The goal of this documentation is to convince the reader of the soundness of your design and implementation. Try to pose and answer questions such as What guarantee do we have that the sampling is uniform? Is it possible to have a burst of localized samples followed by a period of PMC inactivity? or How did we verify that both read and write accesses have been reported, and not just one type?.

Such issues will arise naturally as you implement the assignment so don't give them much thought beforehand. But remember to address them in the end. Also, needless to say, don't limit yourselves to these examples.

Grading

The deadline for this assignment is 11 May. Upload a zip archive containing the source code, Makefile, documentation and any micro-benchmarks used in testing (don't go and include redis in your submission).

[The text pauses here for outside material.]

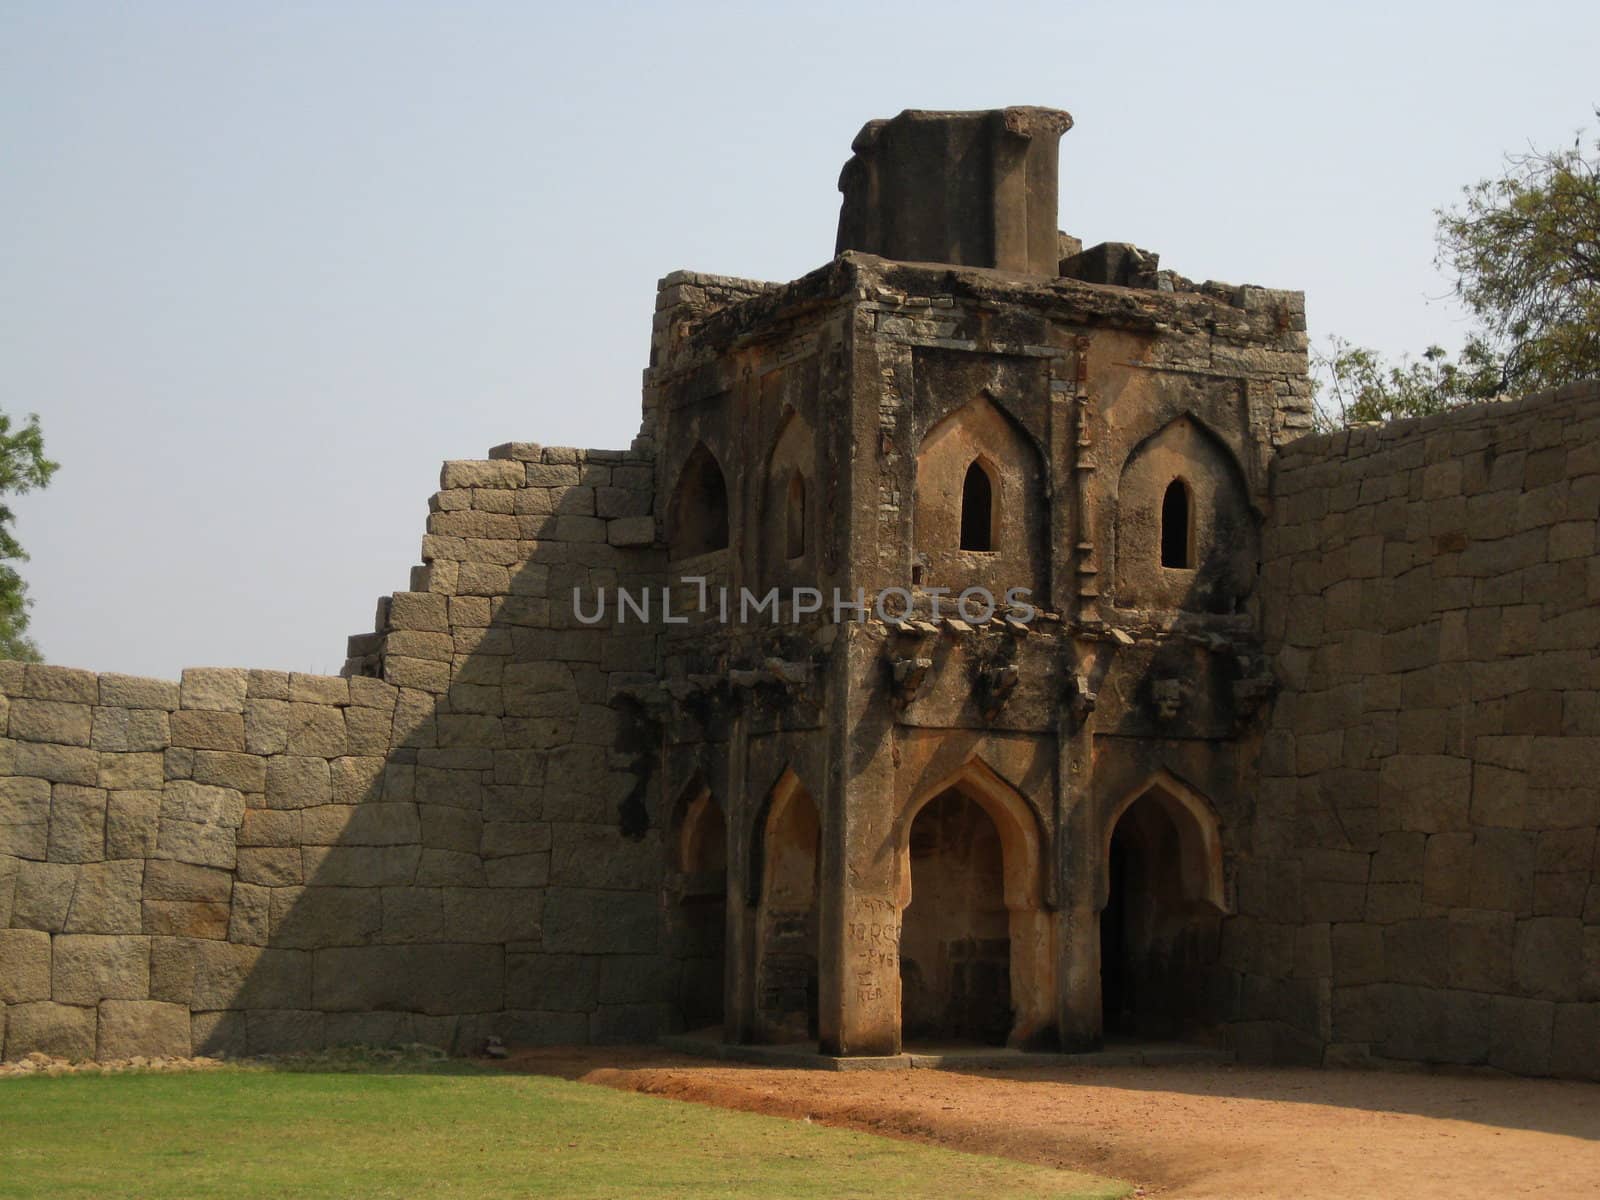 An ancient watchtower at the Lotus Mahal, Hampi, India

The archive should be uploaded to this moodle assignment.

This assignment is worth 1.5p of your final grade. The breakdown by task is as follows:

  • Memory access tracing (30%): If nothing else, the application can provably monitor memory accesses by printing the relevant information to stdout.
  • Mapping addresses to objects (30%): The application should be able to generate statistics for both accessed data regions and code regions performing the accesses. Reads and writes must be treated separately.
  • Plotting (10%): Live illustration of the statistics mentioned in the previous task. Be creative and include even more data if you can.
  • Documentation (30%): Adequately explains the design and implementation. Can convincingly prove that both are sound. Describes the testing methodology and presents the results in a concise but thorough manner. In other words: “Someone has to read this so be considerate and don't waste their time. Improves your chances of not pissing them off.”

The first pair that submits an assignment that receives full marks will automatically pass the exam with a maximum grade.